From top to bottom, print the listing word for word and skip any pictures it contains.

■ **Input data**
○ ○ ○
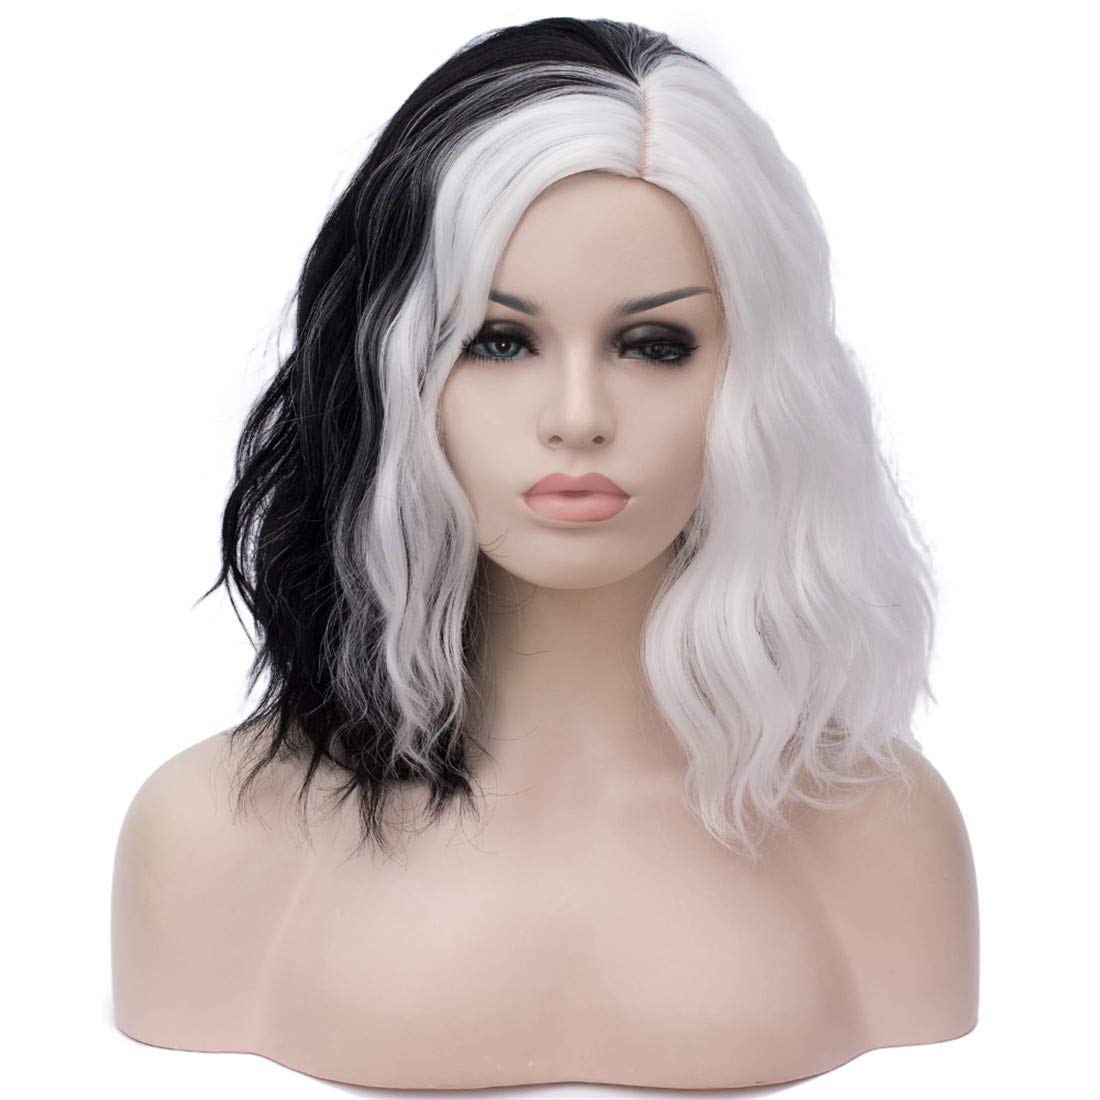 Price:$16.99    Cying Lin Short Bob Wavy Curly Wig Lady Costume Wig For Women Cosplay Halloween Wigs Heat Resistant Bob Party Wig Include Wig Cap Costume Accessory(Black and White)  Beauty
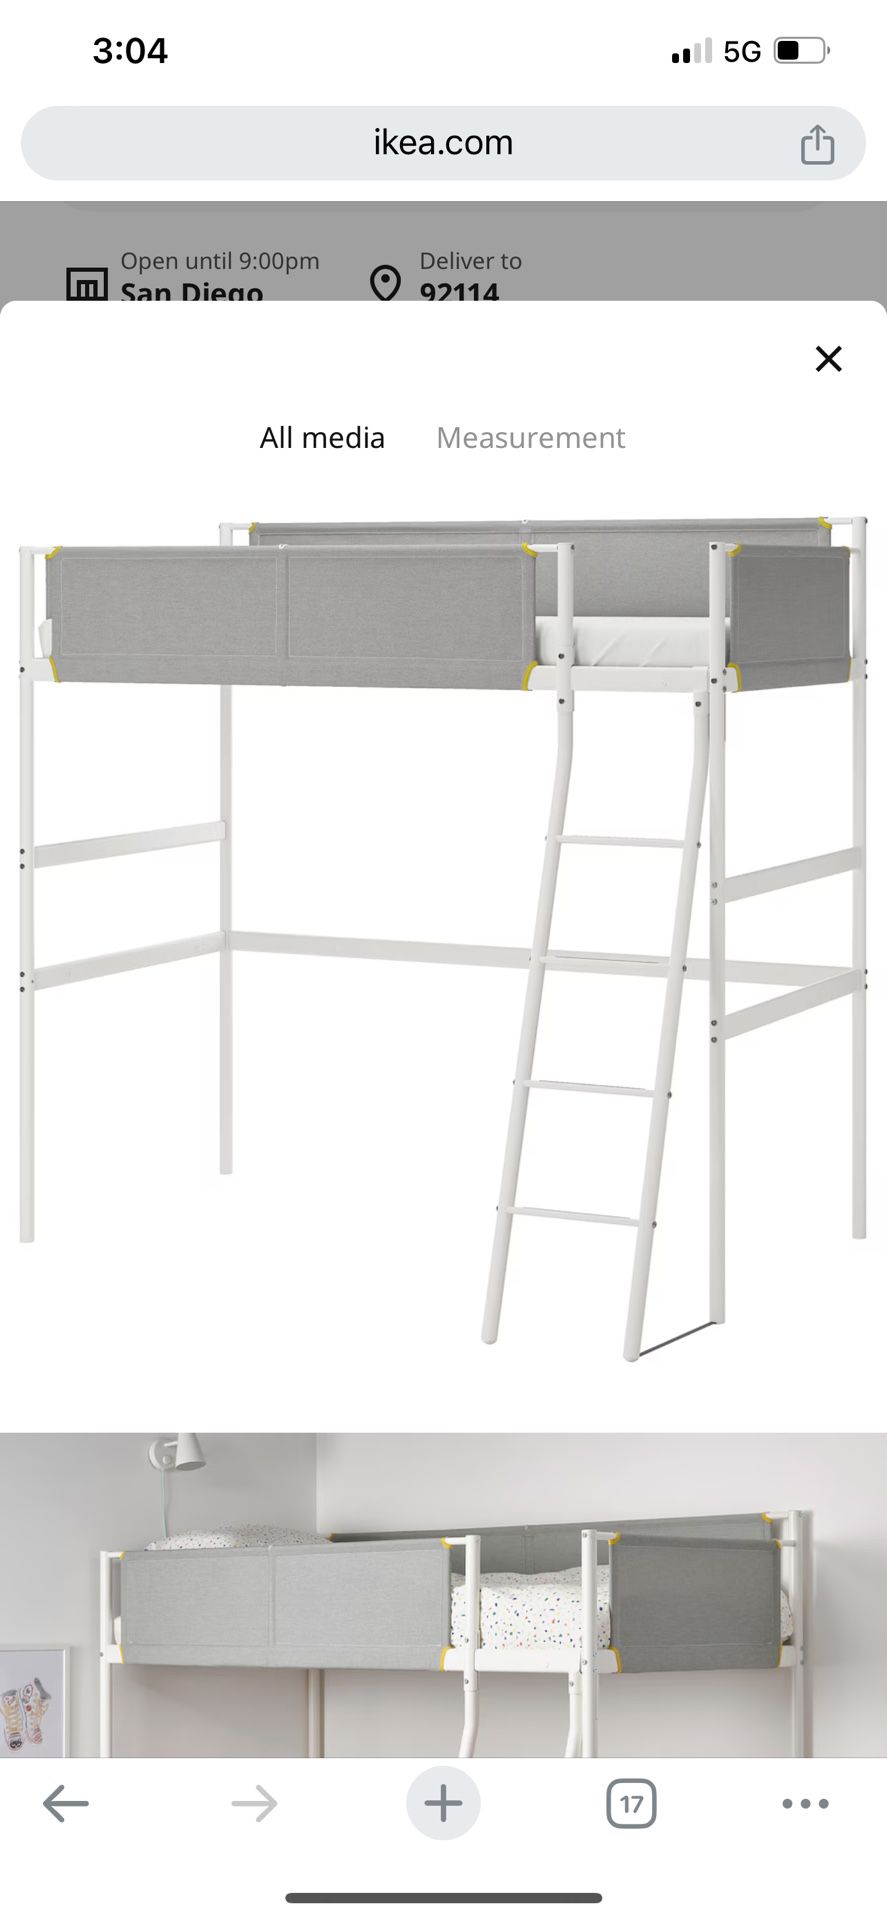 Twin Size Bunk Bed Frame and Mattress 
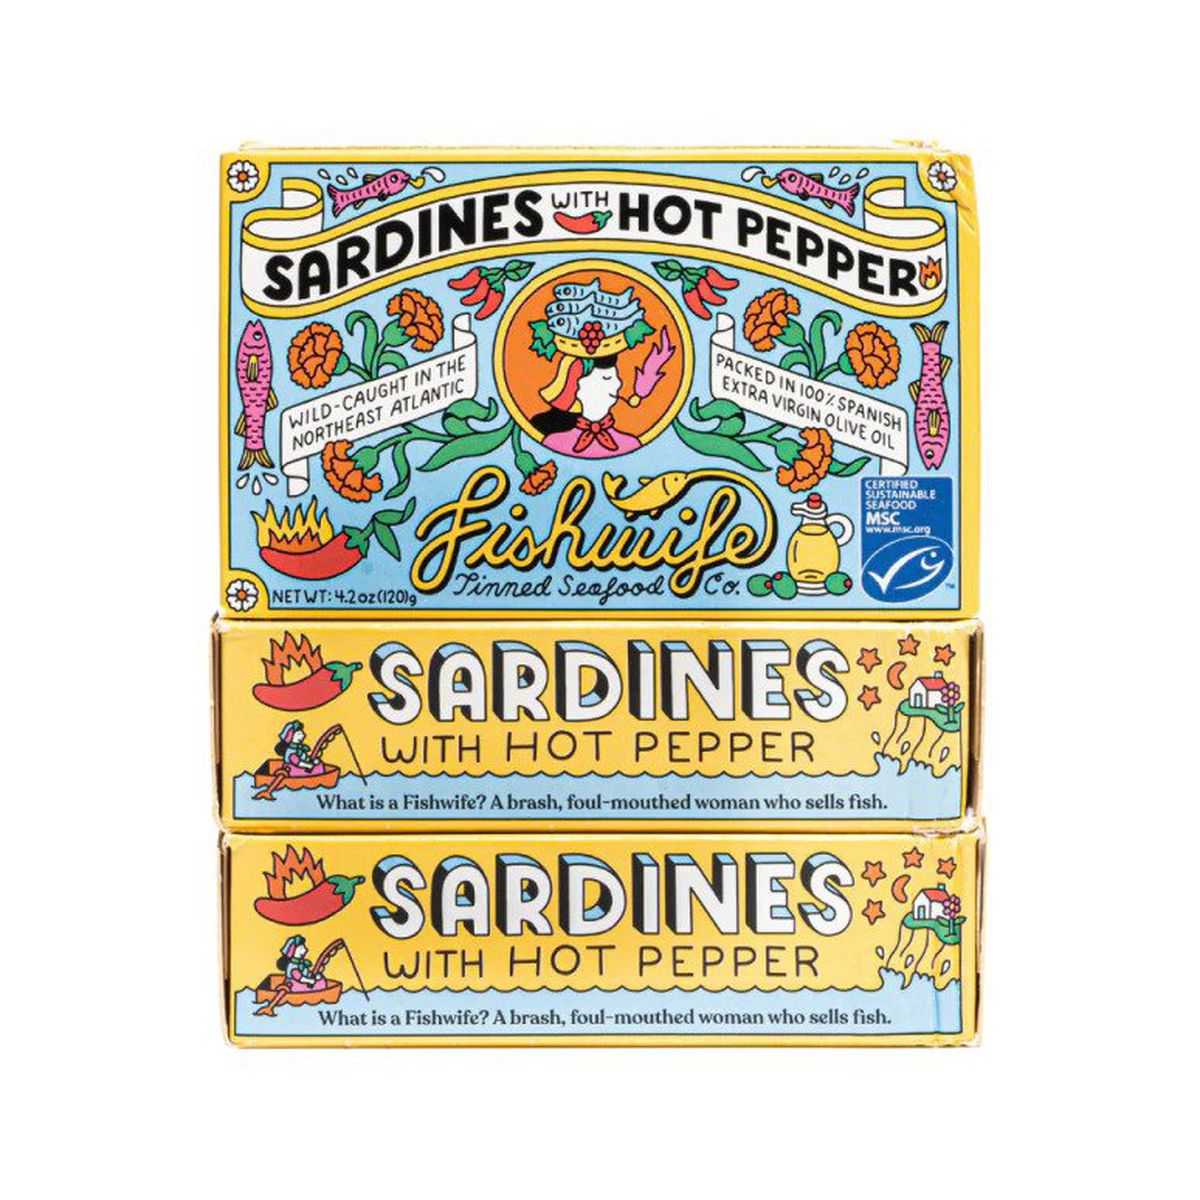 Two boxes of Fishwife sardines with hot pepper
○ ○ ○
■ **Response area**
 Price:$16.99    Cying Lin Short Bob Wavy Curly Wig Lady Costume Wig For Women Cosplay Halloween Wigs Heat Resistant Bob Party Wig Include Wig Cap Costume Accessory(Black and White)  Beauty
 Twin Size Bunk Bed Frame and Mattress 
 Two boxes of Fishwife sardines with hot pepper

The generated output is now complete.